The most discomforting thing about the situation is that the axiom "the bigger they are, the harder they fall" still applies. It is my belief that the major carriers are underreserved by hundreds of billions and are hoping to achieve substantial premium growth and maintain 1995 investment income percentages for several years, thus "writing themselves out of the hole." It could work, but what happens if the hurricanes really do get bigger (as predicted) and we have a couple of large U.S. earthquakes in the same year? And what happens if Congress cooks up another CERCLA? And what happens if interest rates skyrocket, causing another stock market crash and at the same time devaluing the companies’ current bond portfolios? And what happens if Lloyd’s of London really doesn’t make it? Well, if all that happens, we will probably have another 1984.

We now have a generation of risk management and insurance practitioners who have not been through a single bona fide "hard market" and have no idea what to expect. I must confess that one of the sure signs of age occurs when you find your circle of friends at conventions or seminars spending all their time sharing mutual incredulity at the current state of affairs. "Doesn’t anybody remember 1984? Excess attachments went from the hundreds of thousands to the millions. Some layers of coverage disappeared entirely. Some pricing increased 1,000 percent. Wholesale cancellations and non-renewals. Layoffs by the thousands."

Actually, it’s a very good question. The first reaction for all but the most cynical is, "we’ve all forgotten and some never knew." It occurs to me, however, that maybe, just maybe, the opposite is the case. Maybe the market refuses to harden because folks in high places in the insurance industry remember all too well and are playing both ends against the middle in a very dangerous cat-and-mouse game. Maybe there has been some very basic technical change which has yet to be completely understood. Or maybe the conditions that are conducive to "soft" markets have just hung around longer than usual.

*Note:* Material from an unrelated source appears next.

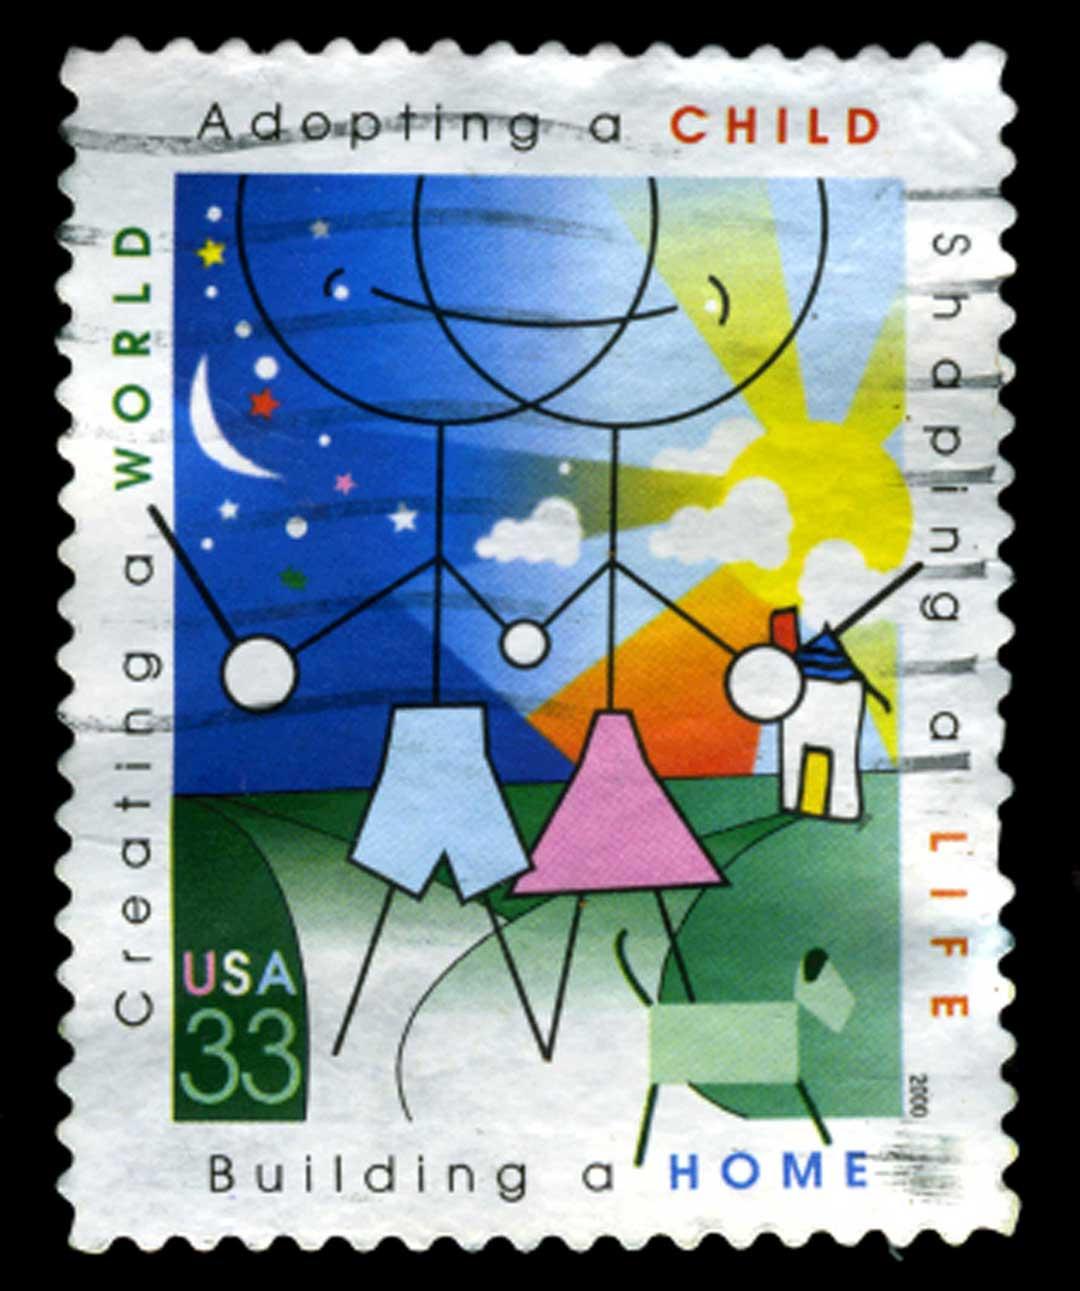 Orlando Adoption Attorney Orange County Florida Adoption Lawyer Seminole County Adoption Osceola County

Why is it important to even think about it? Well, to put it simply, it’s all about whether we’re going to be the little pigs who played all day and built their stick house on the beach or whether we’ll build strong houses of stone on a hill so we can see the wolf coming and make appropriate plans.

Here are my very brief thoughts on the matter. The only thing we know for sure is that the insurance market is either going to "turn" or it isn’t. If all, or any significant portion, of the aforementioned ills befall us, then there will most certainly be a convulsive turn. Companies which have outsourced their risk management function to insurance brokers will find themselves dealing with advisors with no advice. Insurance will not be the "drug of choice," as there will not be enough of it to go around. Associations will scramble to put together risk-retention groups and captives and discover that they should have started when the sun was shining instead of in the middle of the storm. "Claims Made" will descend upon the liability market like the plague, and "buffer layers" will appear between retention layers and first-umbrella layers, at gigantic cost to the policyholders.

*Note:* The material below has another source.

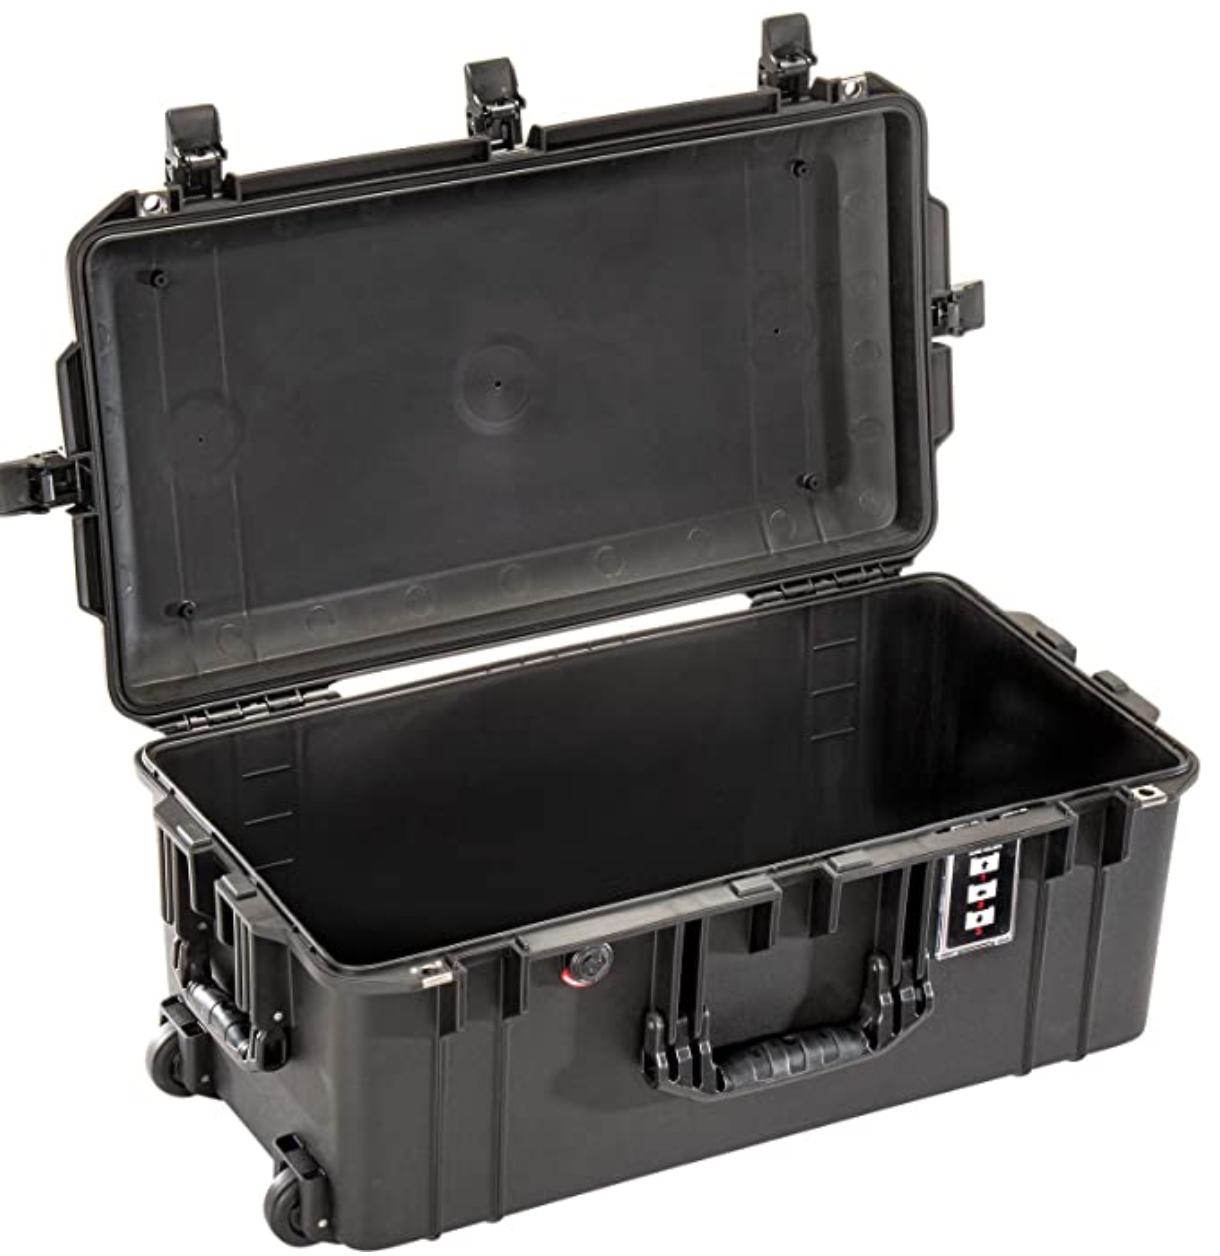 Review of Pelican Case 1606 Waterproof Dustproof Hard Case

But if things continue like they are, insurance will be cheap, brokers will have plenty of time to be advisors, and all will seem well. It might, to some, seem like a good time to play on the beach and live in a cabana built of sticks. It is my belief, however, that now is the time to look for high ground and check out the price of bricks. That howling we hear might indeed be just the sounds of revelry, but, then again, it might very well be a pack of "big bad wolves," and if it is we’d better know what we’re going to do when they come over the hill.

1BestWeek, Property/Casualty Supplement, January 3, 1996.